In the same year (1502) Holbein was engaged for a second time upon work
for the Convent of St. Catherine in Augsburg. This was a panel, in three
compartments, representing the Transfiguration of Christ,[19] a
commission from a leading Augsburg citizen, Ulrich Walther, whose
daughters, Anna and Maria, were inmates of the convent, the former being
the prioress. It is now in the Augsburg Gallery (Nos. 65-67). It was
ordered to be made “to the praise of God and in honour of his two
daughters,” and the price paid was 54 gulden 30 kreuzers. Walther, who,
dying at the age of eighty-six in 1505, left behind him one hundred and
thirty-three living descendants, is represented kneeling in the lower
part of the left-hand compartment, with eight sons behind him; and in
the corresponding part of the opposite compartment are his wife, the two
nuns, and twelve others, daughters and daughters-in-law, also kneeling
in prayer. These portraits, of which those of the younger children in
particular are of considerable charm, form the happiest part of the
painting. In the central subject, the movements by which the Apostles
express their surprise at the transfiguration of their Master are
exaggerated almost to the point of caricature. The side panels represent
the Miracle of the Loaves and Fishes, and the Healing of the Possessed
Youth.
[Sidenote: THE “BAPTISM OF ST. PAUL”]
A much finer work, painted for the same convent, is the “Basilica of St.
Paul,”[20] like the “Transfiguration,” now in the Augsburg Gallery (Nos.
68-70). Although undated, it is usually ascribed to the year 1504. It
was ordered by Veronica Weiser, daughter of the Burgomaster Bartholomäus
Welser. She was one of the wealthiest of the sisters, and was at that
time secretary to the convent, and afterwards succeeded Anna Walther as
prioress. It follows the shape of the other pictures in the cloisters,
that of a broad pointed arch, and is divided into a central and two side
panels, separated by late Gothic gilded ornamentation. It depicts scenes
from the life of St. Paul. In the upper arched portion is the Mocking of
Christ, while the lower compartments contain the Conversion, Baptism,
Martyrdom, and Burial of St. Paul, with other events in his life in the
background. In the central division Holbein has shown the donor seated
in a chair in front of the basilica with her back to the spectator, an
evident portrait, although the face is not visible. The name “Thecla” is
written on the chair-back. The division on the left hand is of much
greater interest, for it contains portraits of the Holbein family,
including the earliest but one known of Hans Holbein the Younger. The
subject is the Baptism of St. Paul (Pl. 1), who is represented, a nude
figure, standing in a stone font in the foreground. In the right-hand
foreground the artist has placed a group of three spectators, a
middle-aged man and two small boys, representing, according to old
tradition, the painter himself and his two sons, Ambrosius and Hans. The
truth of this tradition is confirmed by three drawings by the elder
Holbein which still exist—one, a head of himself, a study for the St.

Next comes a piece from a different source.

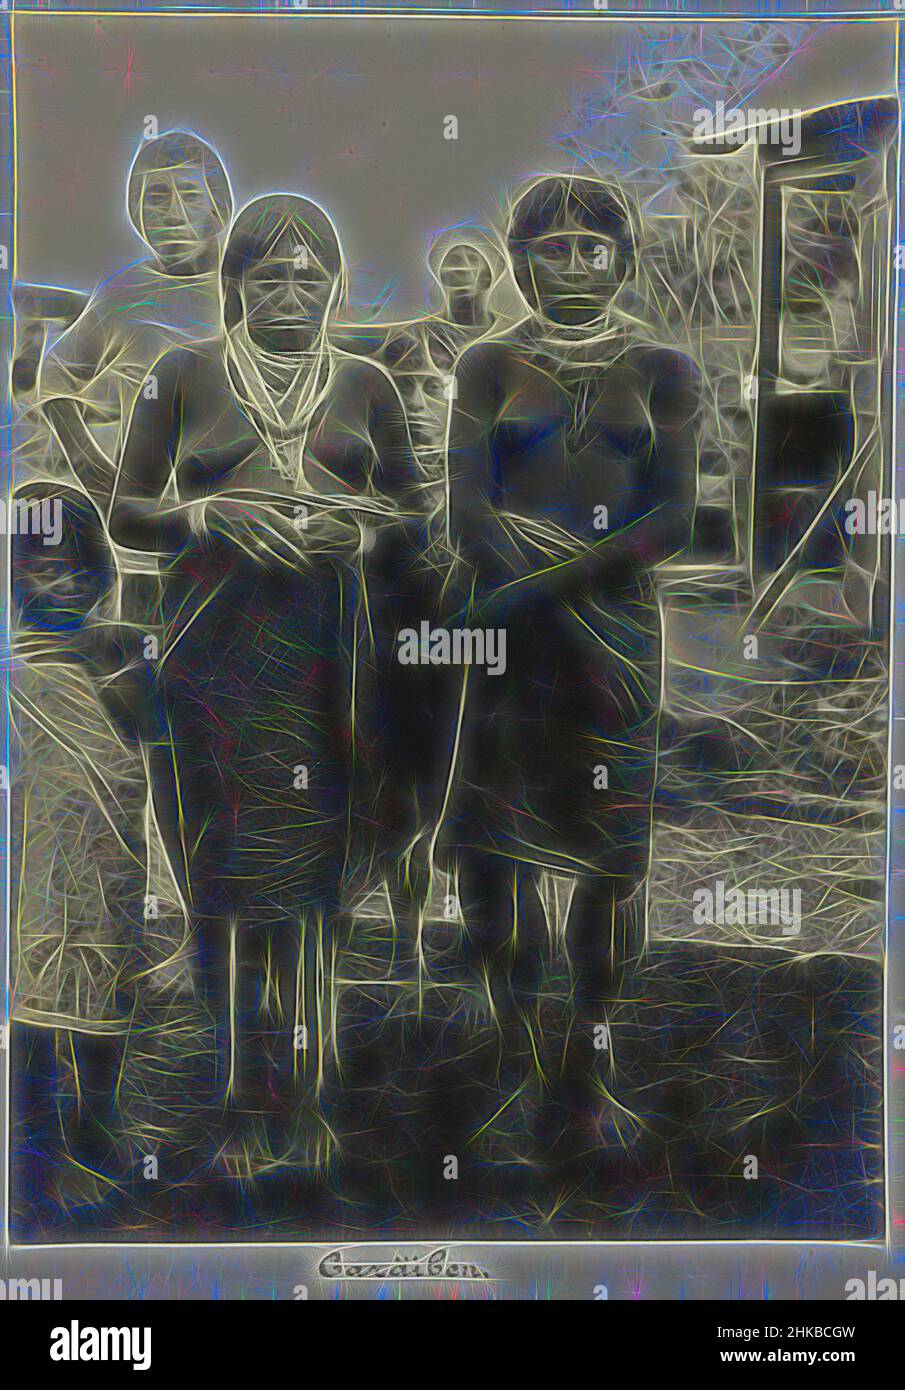 Inspired by Surinamese Caribbean, Caräiben, Two standing posing young Surinamese Caribbean women. Part of the photo album of the Doijer family, Souvenir de Voyage (part 1), in and around the plantation Ma Retraite in Suriname in the years 1906-1913., Hendrik Doijer, Suriname, 1906 - 1913, gelatin, Reimagined by Artotop. Classic art reinvented with a modern twist. Design of warm cheerful glowing of brightness and light ray radiance. Photography inspired by surrealism and futurism, embracing dynamic energy of modern technology, movement, speed and revolutionize culture Stock Photo

Sebastian altar-piece, inscribed “Hanns Holbain maler—Der alt,” now in
the Aumale Collection at Chantilly;[21] and the others, in the Berlin
Print Room, representing the two boys in the years 1502 and 1511.[22] In
the picture the painter himself, with long hair and a flowing beard, but
the upper lip shaved, and dressed in a fur-lined coat, stands with his
right hand resting upon the head of the younger boy, and with the first
finger of his left points towards him as though wishing to draw
particular attention to him. Ambrosius, with his hair curling upon his
shoulders, stands with his right hand placed affectionately upon his
younger brother’s shoulder, and with his left clasps the other’s hand.

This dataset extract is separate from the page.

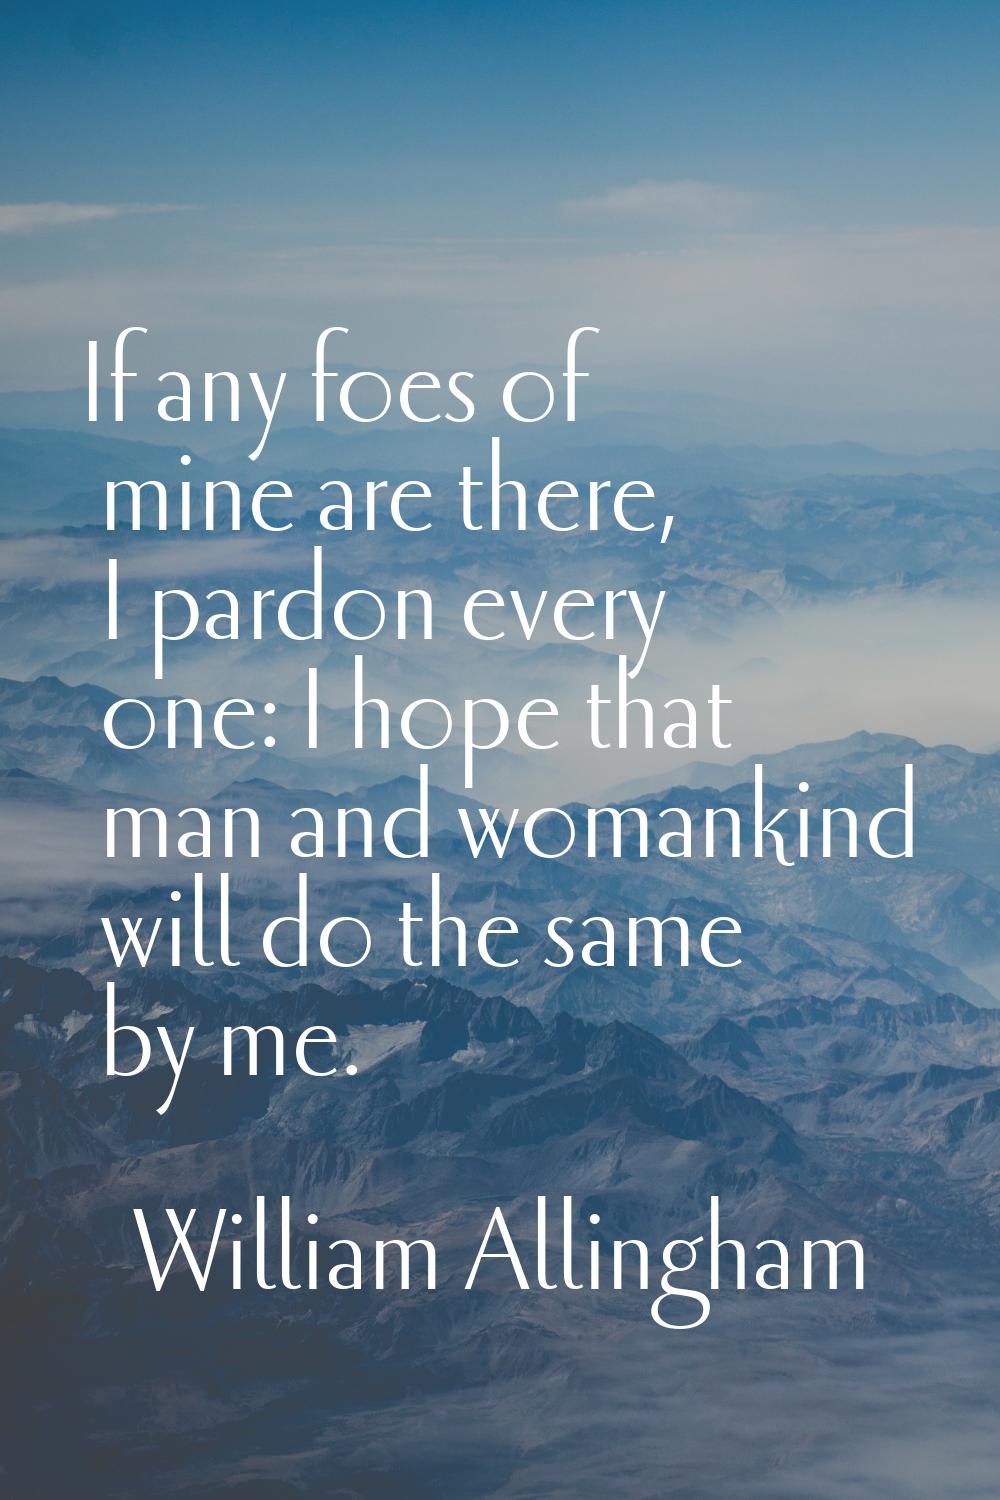 If any foes of mine are there, I pardon every one: I hope that man and womankind will do the same b

Both boys are dressed in grey cloth gowns, with gaiters and thick shoes,
the elder having a pen-case and ink-bottle suspended from his girdle.
Hans, a big-headed, round-faced, chubby little lad, six or seven years
old, has shorter hair. One hand is raised to his chest, and the other
grasps a stick. The father’s face is not a highly intellectual one, but
is sensitive and amiable; that of the boy Hans is stronger in character,
with a fine forehead and good mouth. On the opposite side of the picture
there stands a lady, seen in profile, with plaited golden hair and a
white head-dress. Her costume is a rich one, with brocaded sleeves, and
the lower part of her skirts edged with pearls. Tradition, which is
possibly correct, declares this lady to be the mother of the two boys.
There is considerable likeness between her and Ambrosius, and it is
evident that she is taking no part in the incident of the Baptism beyond
that of a very passive spectator. The costume she wears precludes her
from being the donor of the picture, who, indeed, is already represented
in the central compartment. Holbein apparently introduced his whole
family into the work. The only reason for throwing doubt on the
tradition lies in the elaborate dress she is wearing, which seems too
sumptuous for a poor painter’s wife; for the elder Holbein at this
period of his life was in frequent difficulties over money. Mr. Gerald
Davies draws attention to a drawing by him in coloured chalks in the
Munich Print Room, which, he thinks, represents the wife some years
earlier, perhaps before her marriage.[23] “It is,” he says, “a very
charming drawing of a young woman, not of any special beauty beyond that
which belongs to every young face which has the sparkle of happy
pleasure in the lips and eyes; the hair is partly covered with a white
cap, into which some delicate yellow is touched, and she wears yellow
sleeves and bands of the same colour across the white chest front.
Allowing for some years’ difference in age, this may well, I think, be
the same person as she who appears in the Augsburg picture. But, whether
it be the mother of the great painter or no, it is certainly a study
which shows Hans Holbein the Elder to have been possessed in some degree
of those very qualities in which his son afterwards stood supreme. There
is something of the same sympathetic power of seeing, and the same
completeness of recording what has been seen, without pedantries and
without makeshifts, all that gives to any given human face its charm and
its interest.... There is in it something of inspiration which neither
care nor industry nor strength—and there are certainly artists stronger
than he—can give. There is in this drawing the germ, and something more
than the germ, of the spirit of his great son.”[24]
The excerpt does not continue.